A 2 × 7 (same day and group factors as in the previous ANOVA’s) factorial ANOVA was performed on the positive and negative affect variables of the PANAS, to assess mood. The analysis revealed no effect of stimulation on positive or negative affect, all F’s < 0.182, and all ps > .67. Additionally, an ANOVA was conducted to compare the effects of stimulation and day on sleepiness, hours of sleep, and sleep quality. The ANOVA revealed significant effects of day on sleepiness, F(5.14, 149.05) = 5.28, p < .001, η² = 0.08, and hours of sleep, F(4.4, 127.47) = 3.16, p = .01, η² = 0.05, indicating variations across days.

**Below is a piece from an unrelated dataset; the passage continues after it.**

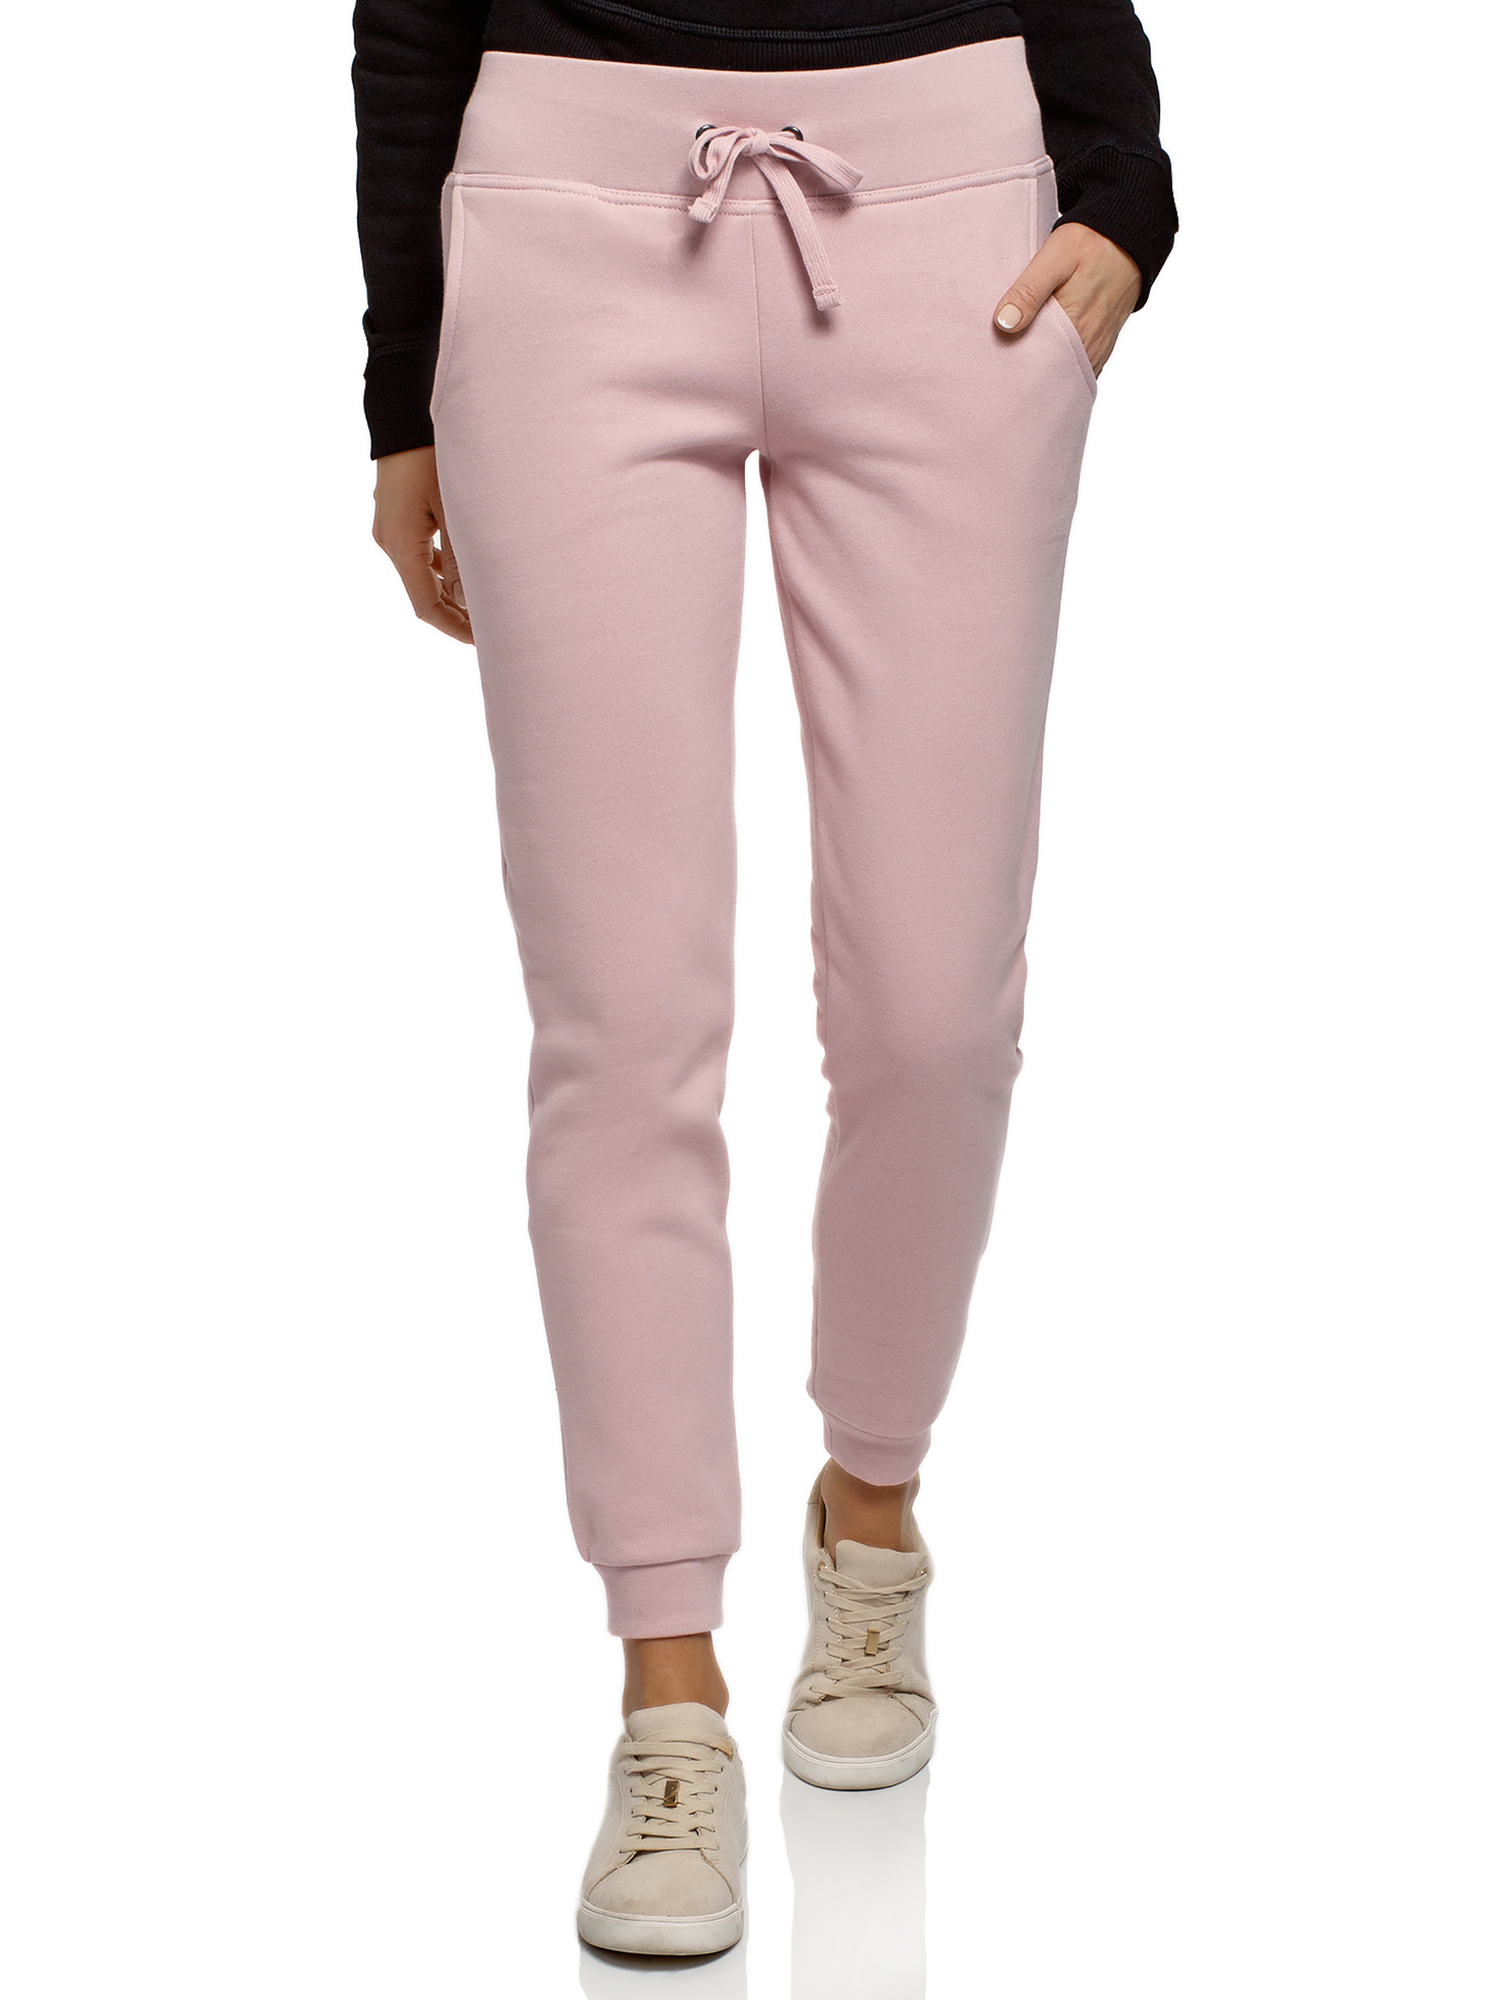 Спортивные брюки женские oodji 16700030-25B розовые XS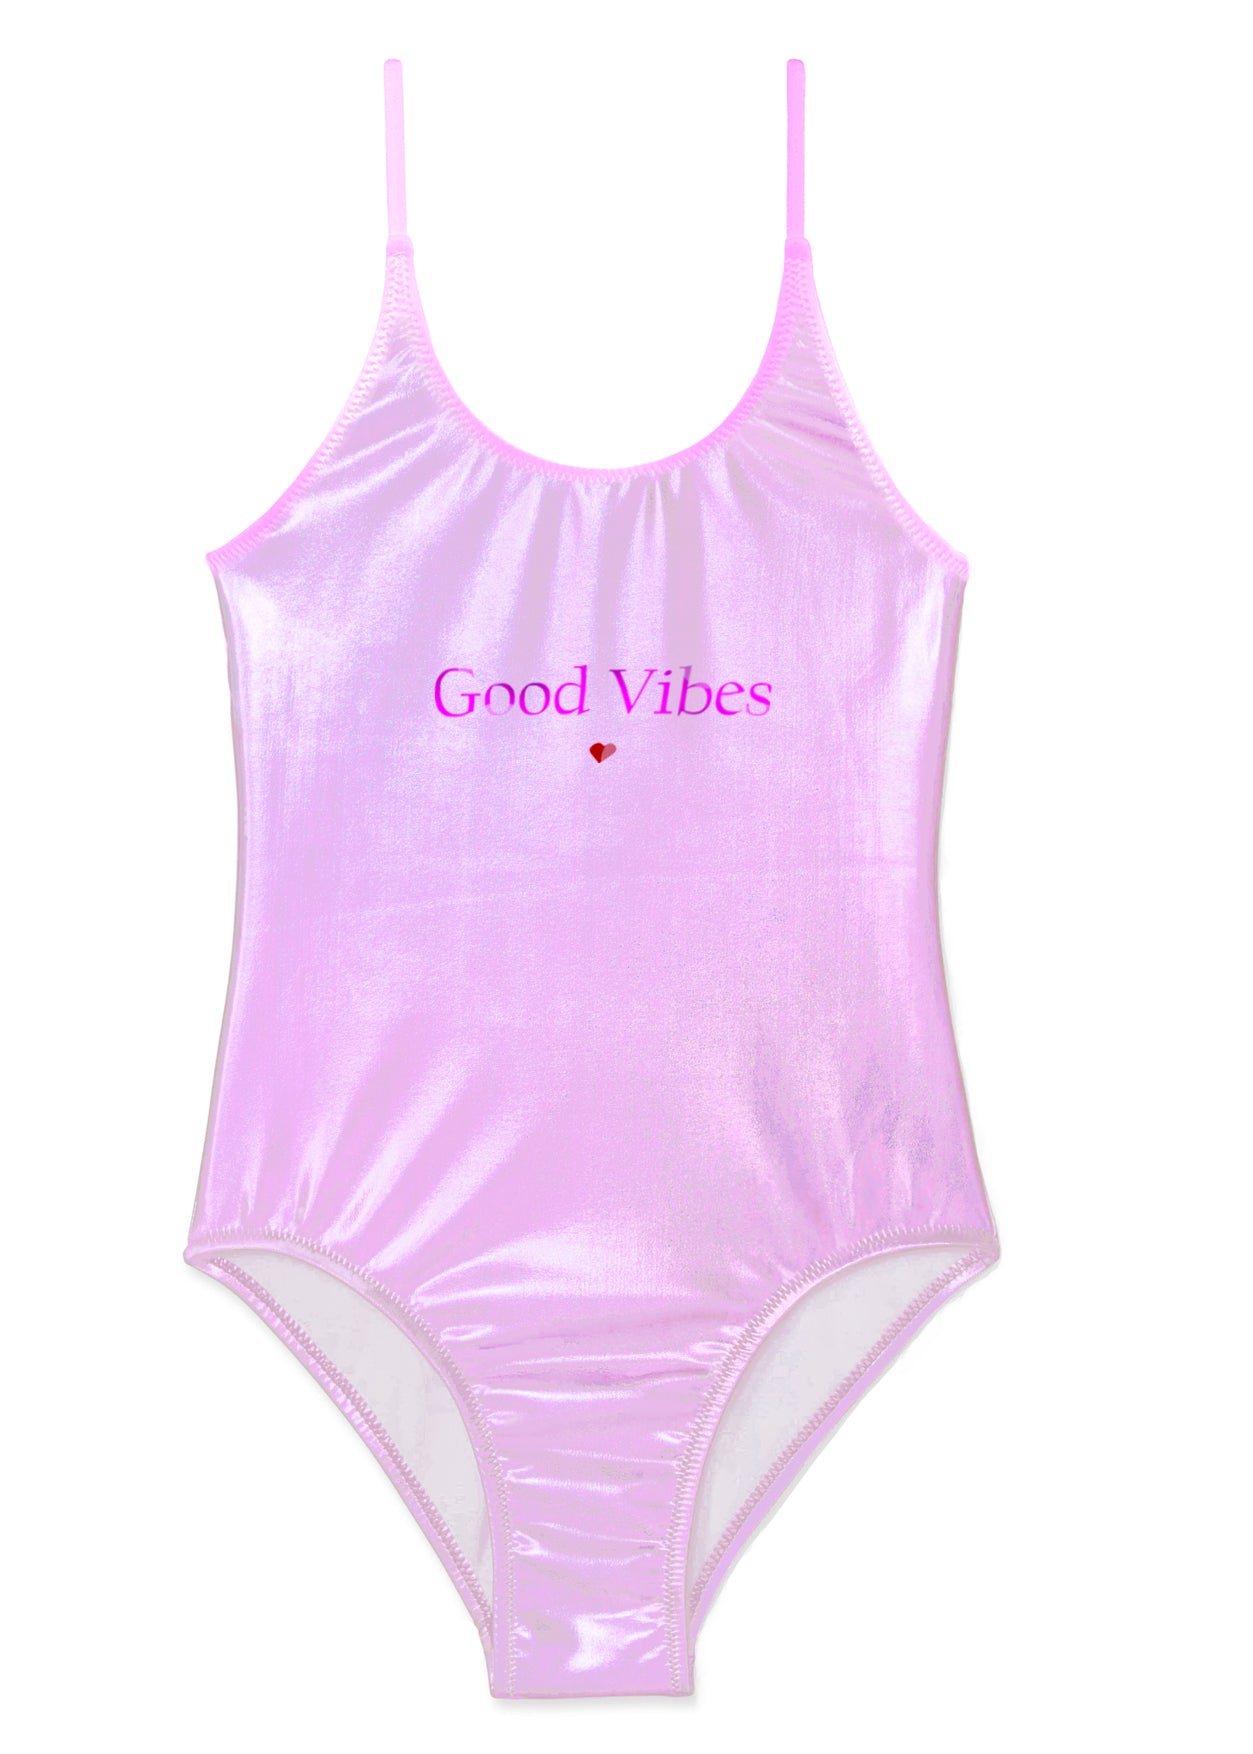 beachwear for girls, pink swimsuits for girls, pink swimwear for girls, metallic pink bathing suit for girls

For sleep quality, there was a trend toward significance for day, F(4.27, 123.7) = 2.36, p = .053, η² = 0.04. No significant effects of stimulation or stimulation-by-day interactions were found for any sleep related variable (all ps > .17).

Exploratory analysis stimulation intensity

We performed additional analyses to explore potential reasons why we did not find beneficial effects of tcVNS on learning, whereas McIntire et al.2 did. One difference we found was in tcVNS stimulation voltage (see Fig. 2b). In our study, the mean stimulation intensity over four days was 26.35 (SD = 3.47; scale 1–40 a.u.), which was significantly higher than the intensity reported by McIntire et al.2; M = 18.19, SD = 4.16), t(36.56) = 6.61, p < .001 (independent t-test).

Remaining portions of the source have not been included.